|
|
|
|
|
by trisiak
2212 days ago
|
|
I too suffered from wrist pain and fatigue in the past. The experimentation with different layouts helped a little but it felt like micro-optimization. What actually resolved the problem was switching to an unorthodox ergonomic keyboard where none of the keys required straining or unnecessary effort (kinesis advantage, using a different one these days). Also, most common problems were caused by placement of special keys (shift, ctrl, backspace, enter) and that's not something colemak, dvorak or their friends seem to be addressing. I see analogy to guitar playing here. No matter how well you figure out finger positioning for a complex passage, you won't be playing with ease unless your elbow, wrist and spine are also positioned properly. |
|
There are so many quick wins to improve posture before the high-effort micro optimization of changing layouts:
- split the keyboard for better shoulder posture (eg ultimate hacking keyboard but don't stop here)

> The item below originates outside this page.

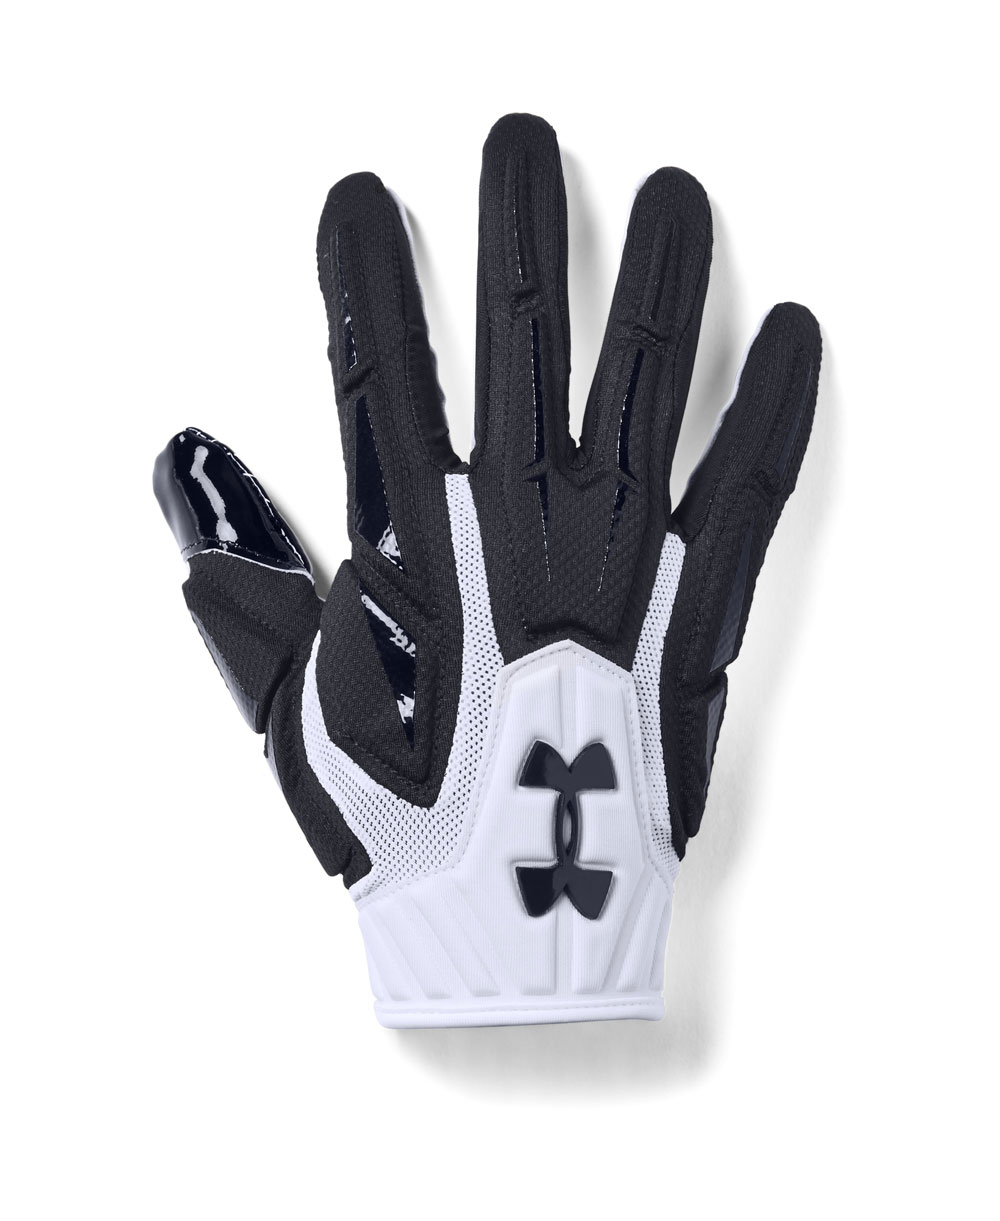 NEW UNDER ARMOUR Spotlight Limited Edition Football Gloves White Jade Size Large

- Get a column staggered board with more thumb keys instead of row staggered for better finger movement (ergodox or iris keyboard)
- Get rid of the num row and limit movement for fingers to one key in any direction using layers to simulate the missing keys (corne or kyria)
- A sculpted and tented keyboard allows the arm to untwist. These keyboards are dish shaped which moves keys closer to your fingers. Examples are the kinesis, dactyl, or Tightyl (my own creation).
I think the sweet spot for most people is the column staggered split layout.